_Input_.
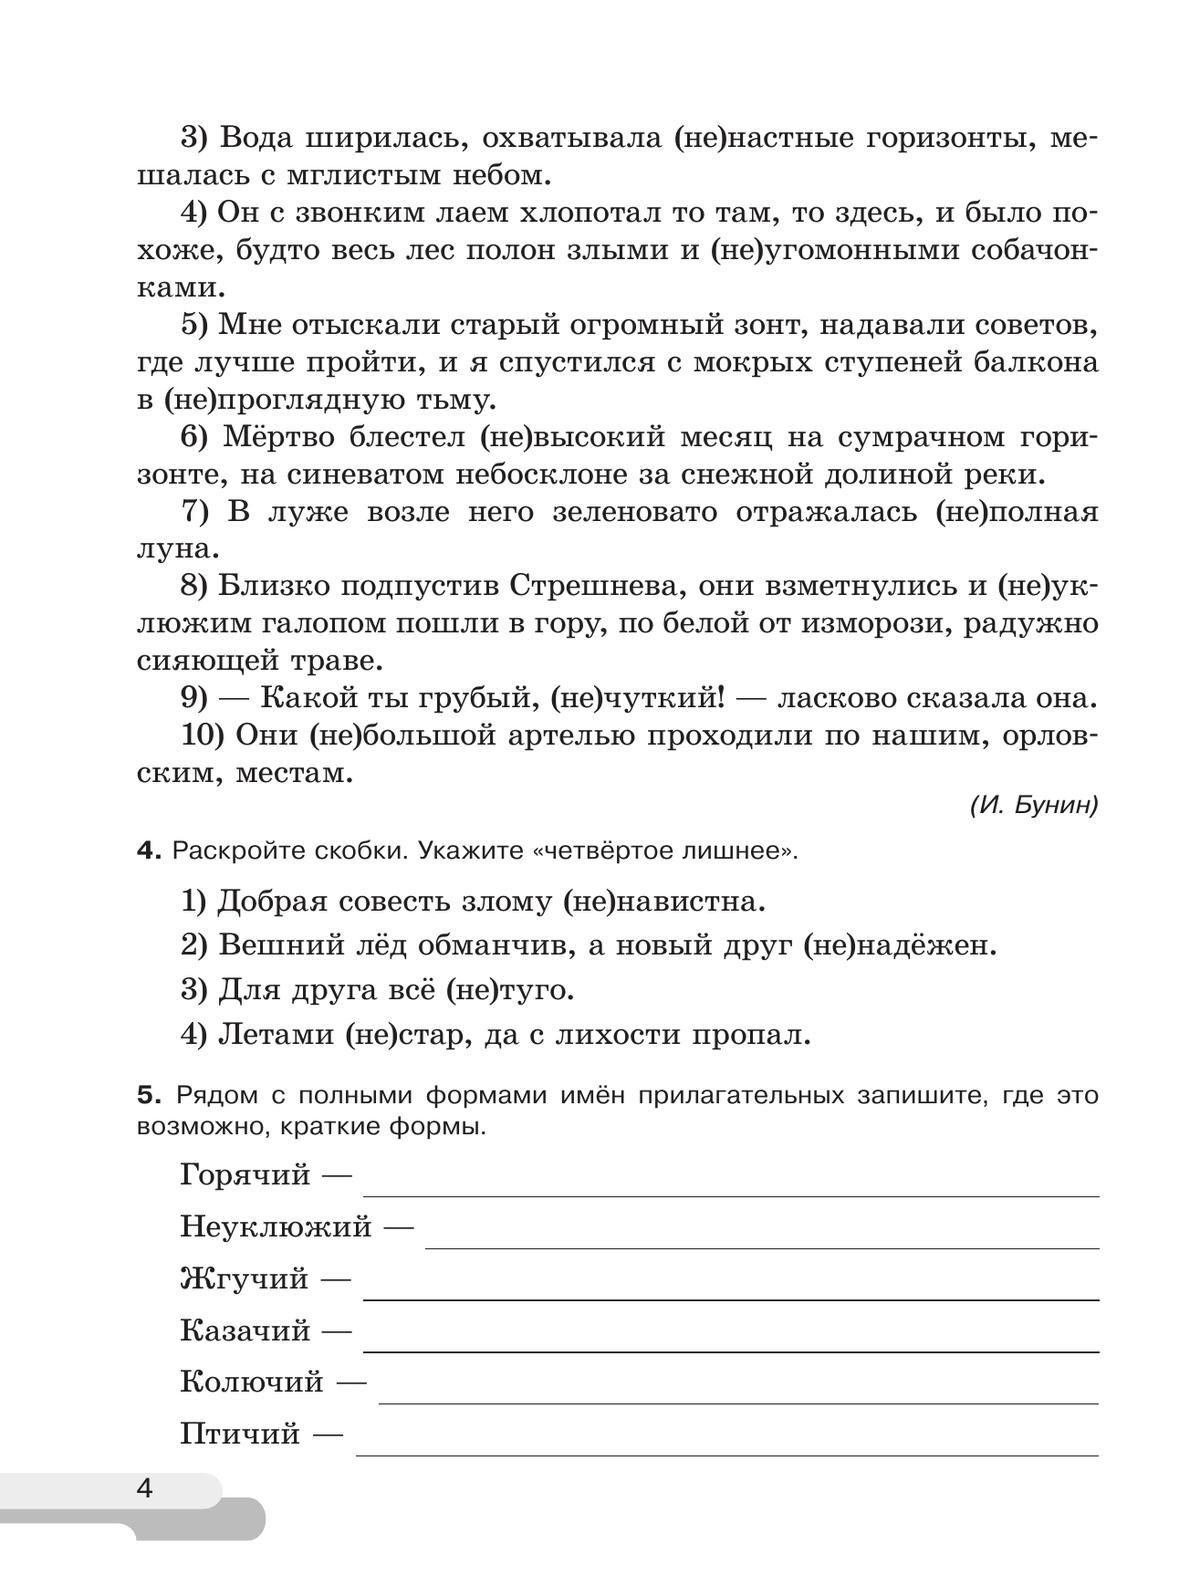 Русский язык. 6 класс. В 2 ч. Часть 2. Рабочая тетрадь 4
==
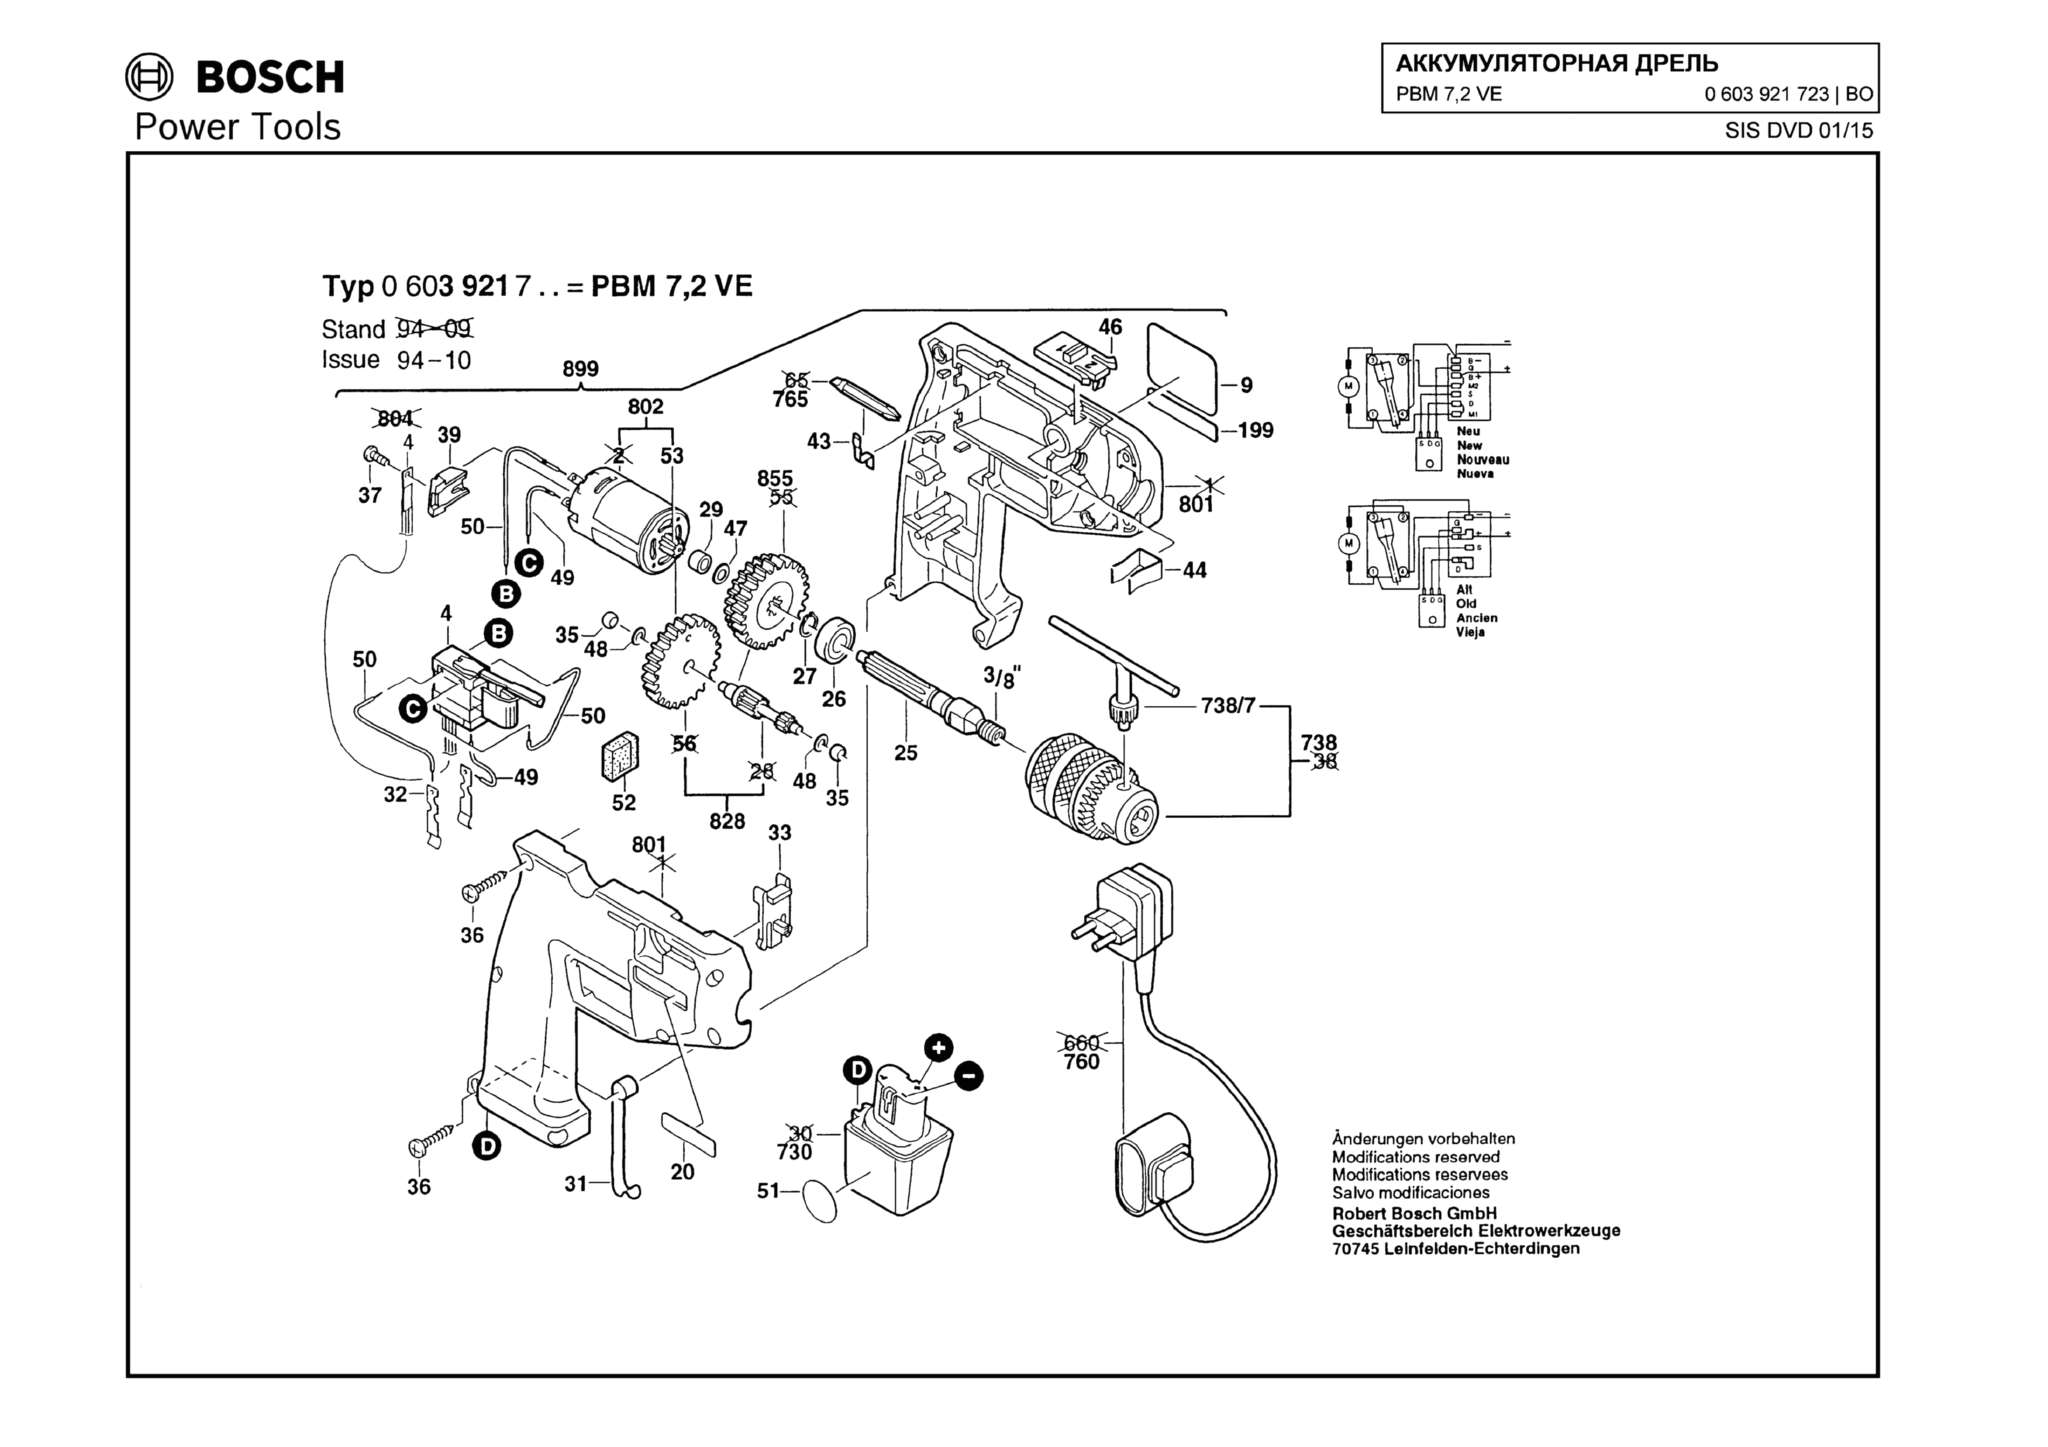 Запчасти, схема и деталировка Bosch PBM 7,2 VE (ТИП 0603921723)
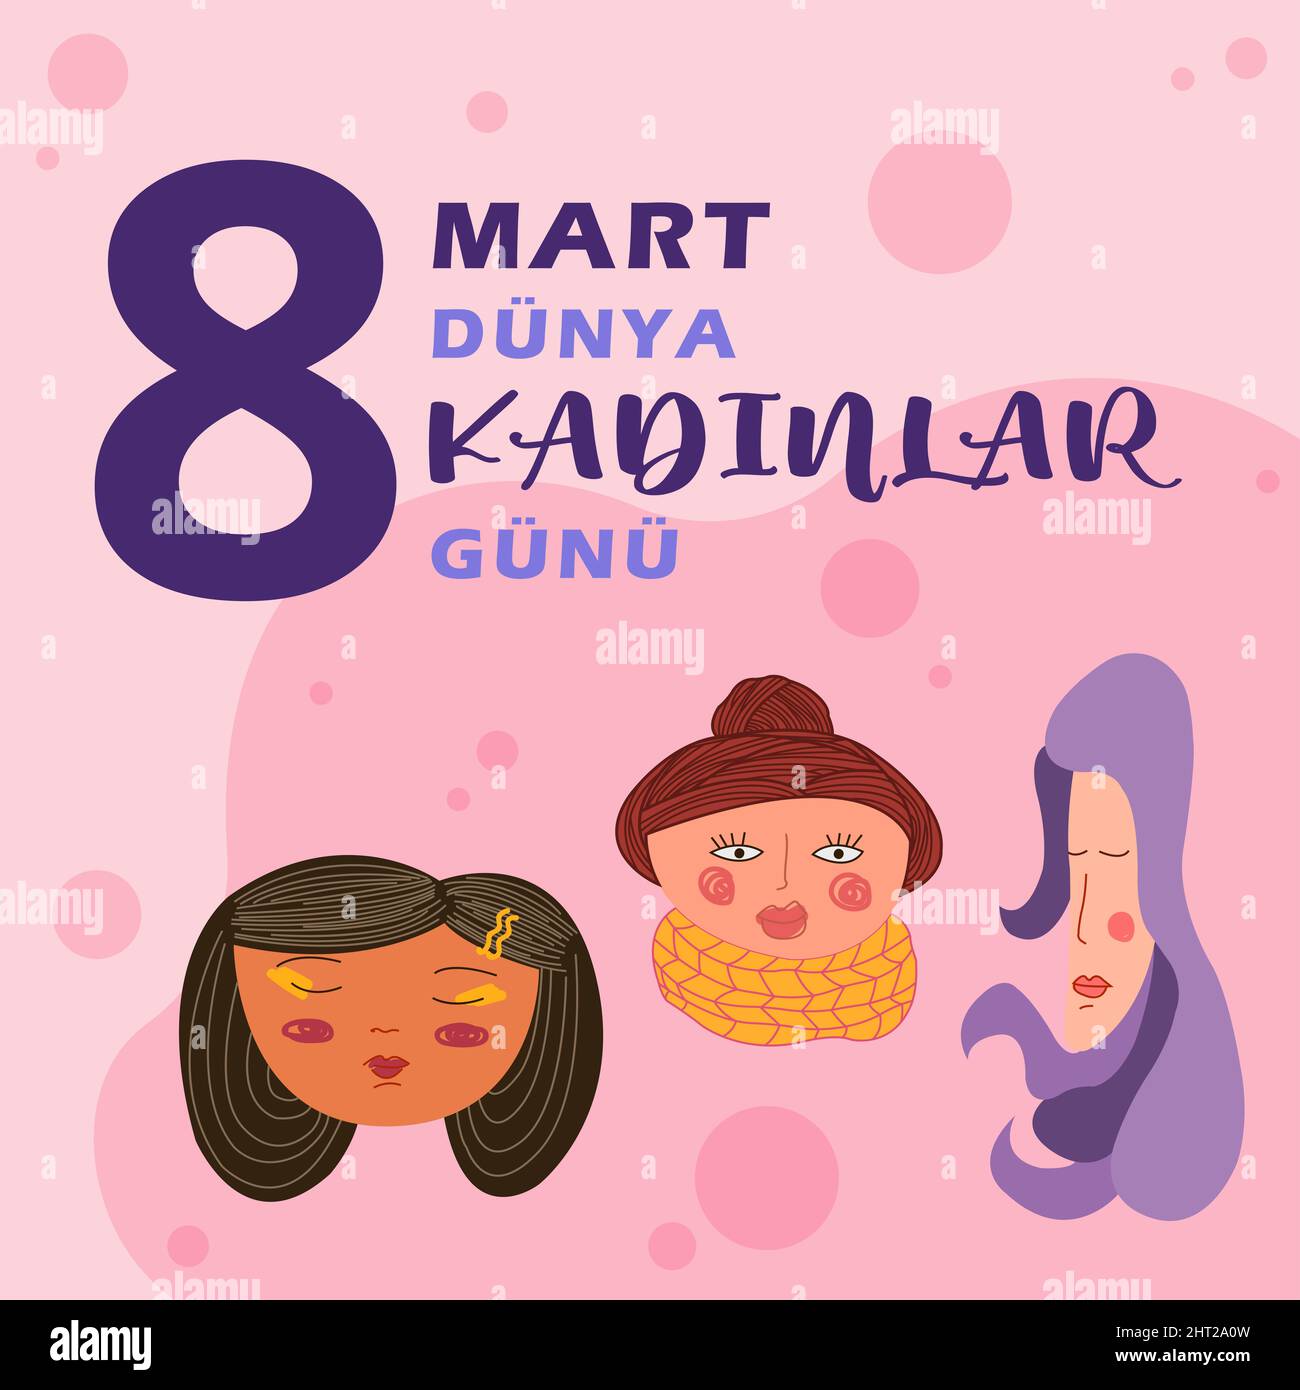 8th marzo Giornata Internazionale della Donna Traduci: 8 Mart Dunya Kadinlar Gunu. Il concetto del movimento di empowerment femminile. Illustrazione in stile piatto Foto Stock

_What is expected_. Above are records; write out the lines from the one with "Запчасти, схема и" down to the one with "8th marzo Giornata", exactly, leaving the pictures out.

_Written response_.
 Запчасти, схема и деталировка Bosch PBM 7,2 VE (ТИП 0603921723)
 8th marzo Giornata Internazionale della Donna Traduci: 8 Mart Dunya Kadinlar Gunu. Il concetto del movimento di empowerment femminile. Illustrazione in stile piatto Foto Stock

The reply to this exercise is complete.